>我在Haskell中对二叉树的定义如下:
data BTree x = Nil | BNode x (BTree x) (BTree x)
然后,我对此数据类型有一个折叠定义:
foldB :: (x -> u -> u -> u) -> u -> BTree x -> u
foldB f a Nil = a
foldB f a (BNode x l r) = f x (foldB f a l)(foldB f a r)
所以我希望我可以简单地使这个函数对所有值求和:
sumBFold :: (Num a) => BTree a -> a
sumBFold x = foldB (+) 0 x
但这行不通,我一辈子都想不通为什么。我收到的错误消息的有用部分是:
Couldn't match type `a` with `a -> a'
`a' is a rigid type variable bound by the type signature for:
sumBFold :: forall a.
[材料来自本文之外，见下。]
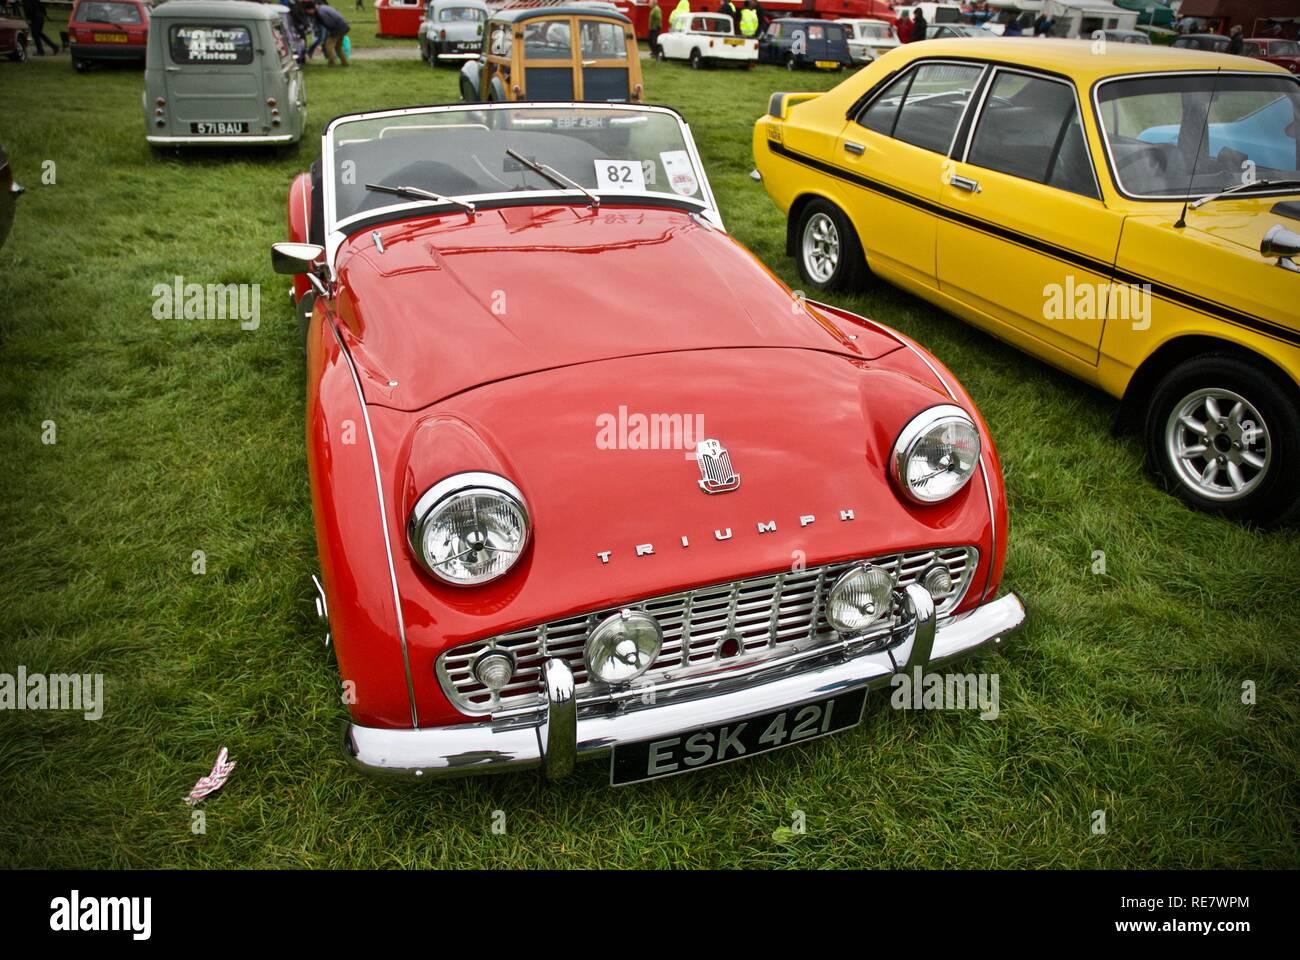 Triumph Motor Company Stock Photos & Triumph Motor Company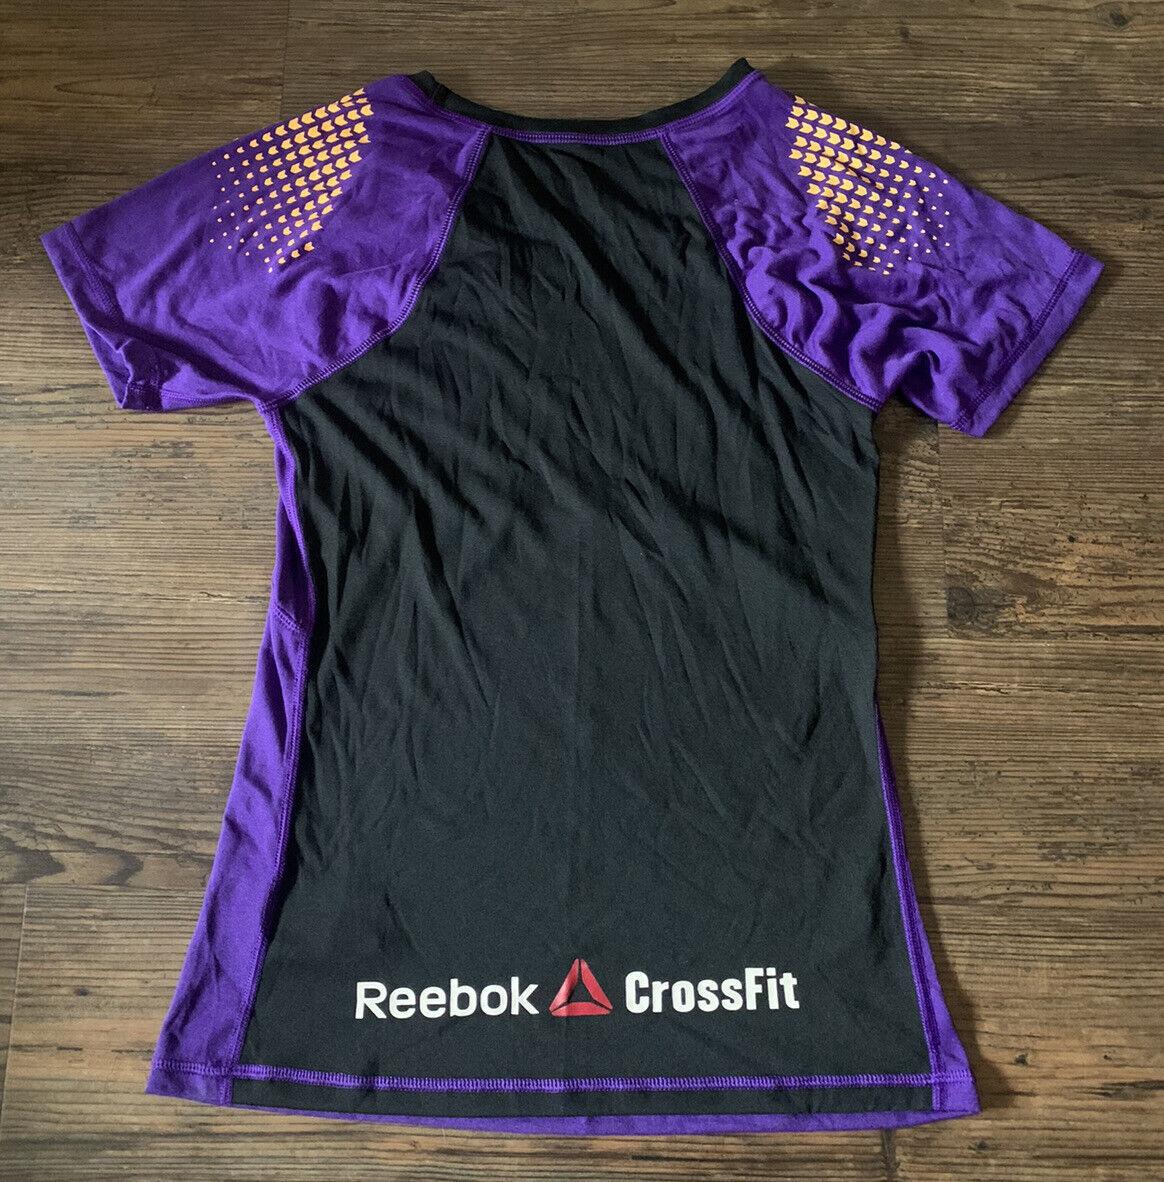 Women's Reebox Crossfit Training T-Shirt Sz M Purple/Black/Orange

Num a => BTree a -> a
Expected type: (a -> a) -> a -> a -> a
Actual type: (a -> a) -> (a -> a) -> a -> a
In the first argument of folB namely `(+)`
错误来自尝试使用
(+) :: (Num a) => a -> a -> a
作为具有类型的参数
(x -> u -> u -> u)
如果你开始尝试适应它,记住(x -> u -> u -> u)和(x -> (u -> (u -> u)))一样,
x == a
u == a
u -> u == a -> a == a
这是不可能的,错误来自哪里。
请考虑以下任何一项。
sumBFold :: (Num a) => BTree a -> a
sumBFold = foldB add3 where add3 x y z = x + y + z
sumBFold = foldB $ x y z -> x + y + z
sumBFold = foldB ((.) (+) . (+))